◆ TASK GOAL
Please repeat the lines below exactly. Begin with the line containing "AURIEZ-VOUS BRILLE AU" and go on through the line containing "Siku Трактор Claas".

◆ PROVIDED DATA
-- -- --
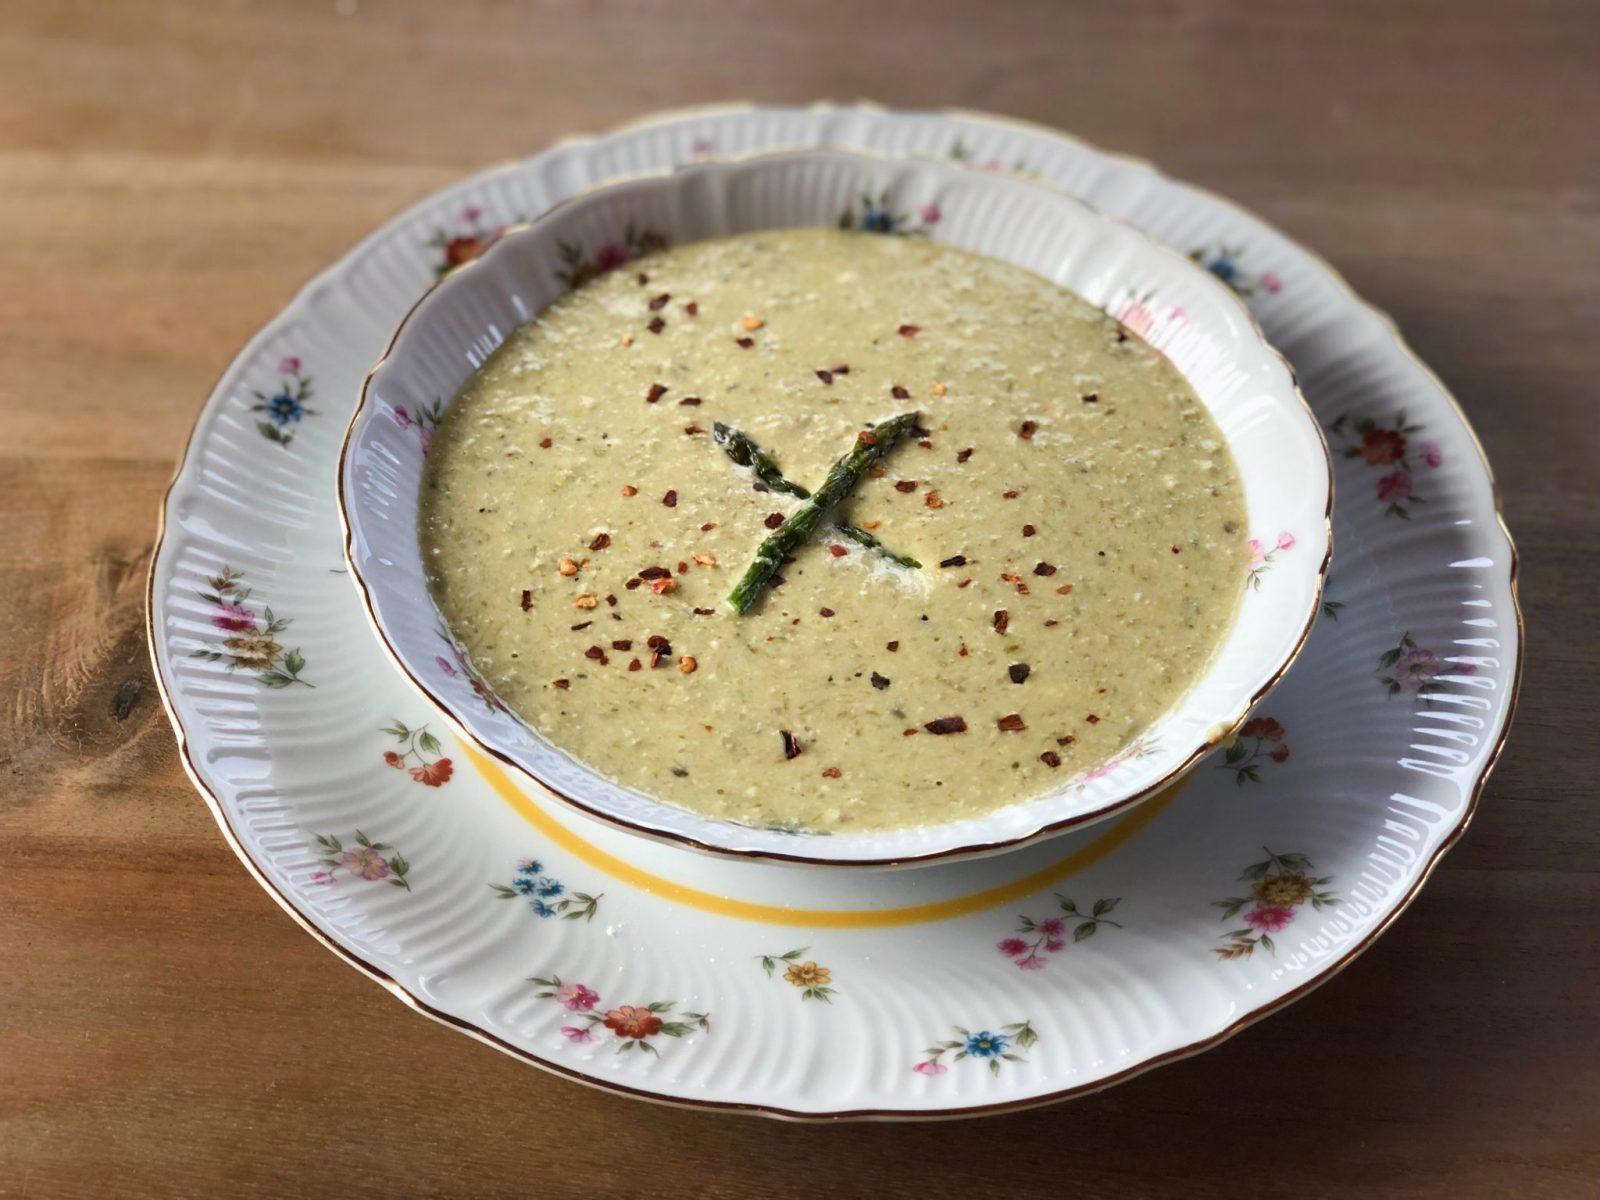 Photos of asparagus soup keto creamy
-- -- --
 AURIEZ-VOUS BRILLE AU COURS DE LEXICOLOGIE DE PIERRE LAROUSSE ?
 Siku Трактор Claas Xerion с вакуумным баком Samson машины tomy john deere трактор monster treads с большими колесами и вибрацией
-- -- --
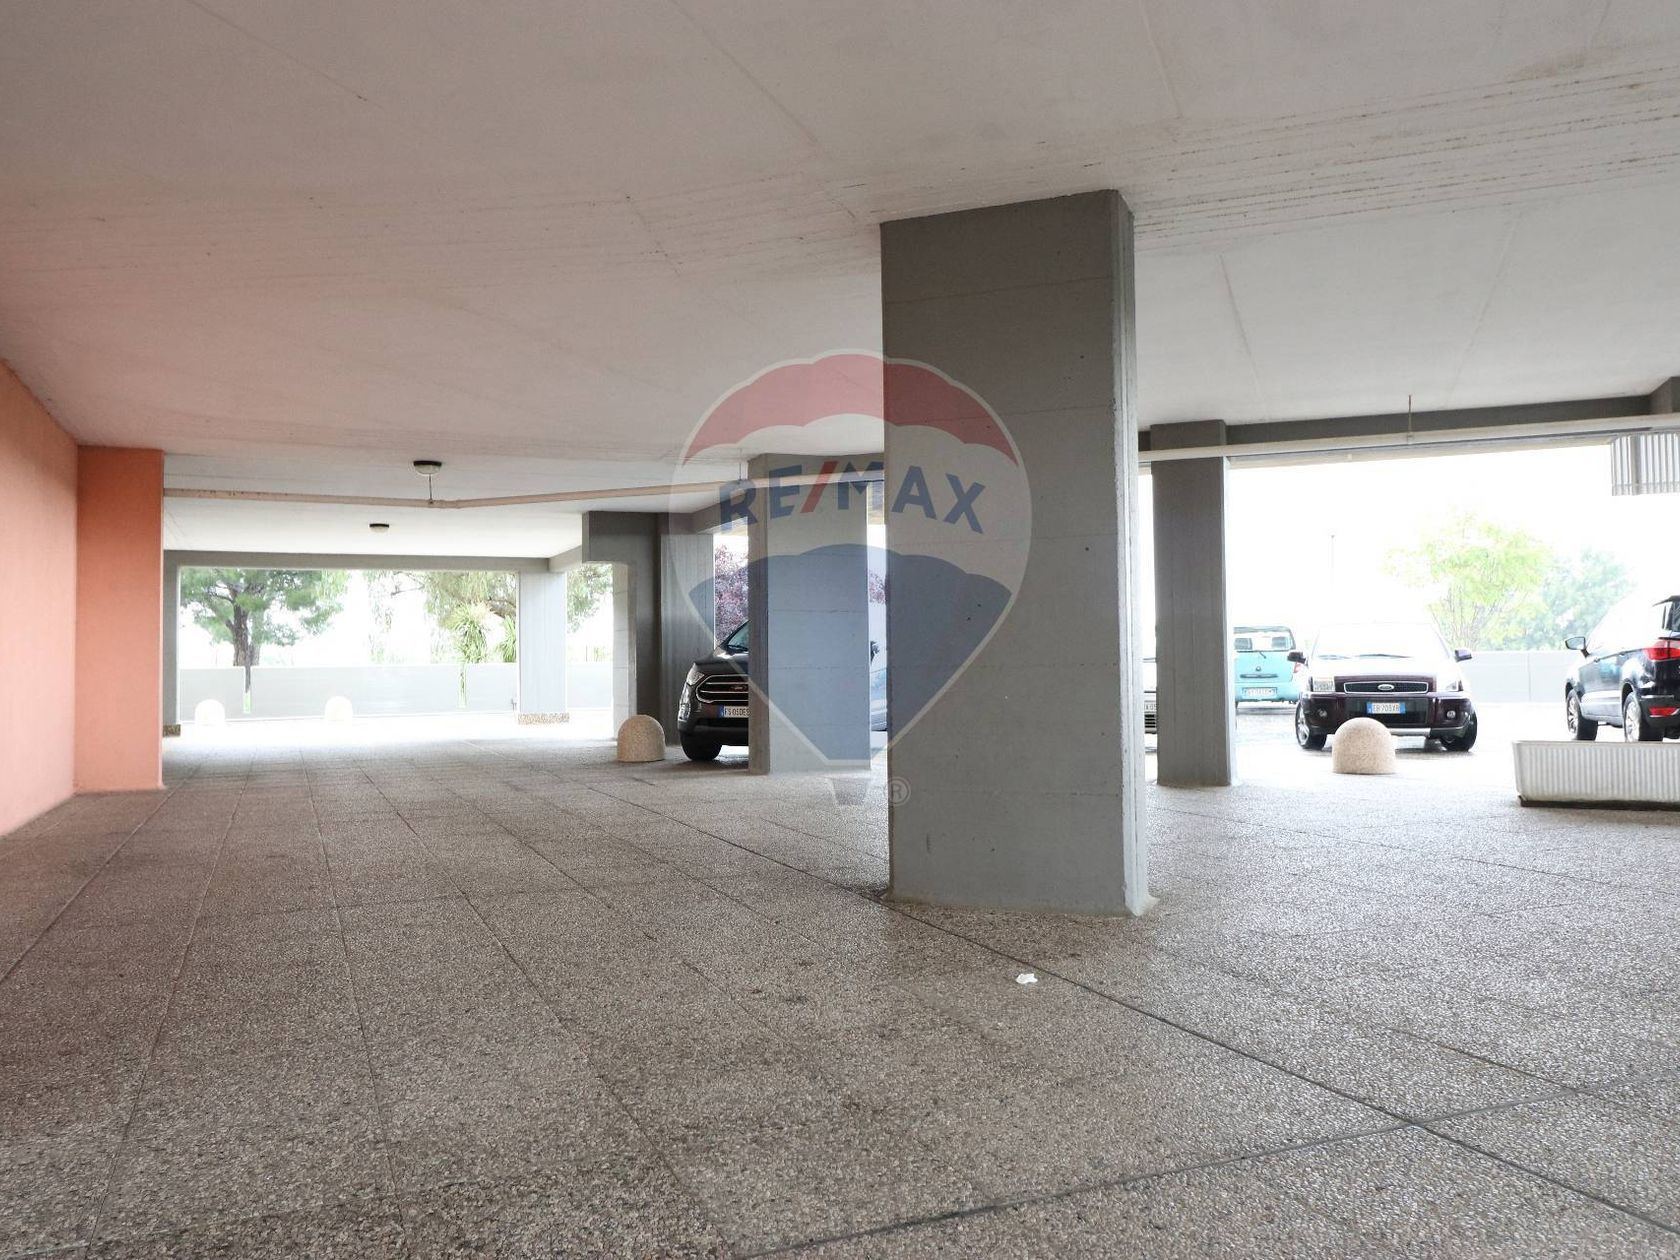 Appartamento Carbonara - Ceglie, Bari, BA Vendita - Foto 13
-- -- --
◆ ANSWER TO THE PROBLEM
 AURIEZ-VOUS BRILLE AU COURS DE LEXICOLOGIE DE PIERRE LAROUSSE ?
 Siku Трактор Claas Xerion с вакуумным баком Samson машины tomy john deere трактор monster treads с большими колесами и вибрацией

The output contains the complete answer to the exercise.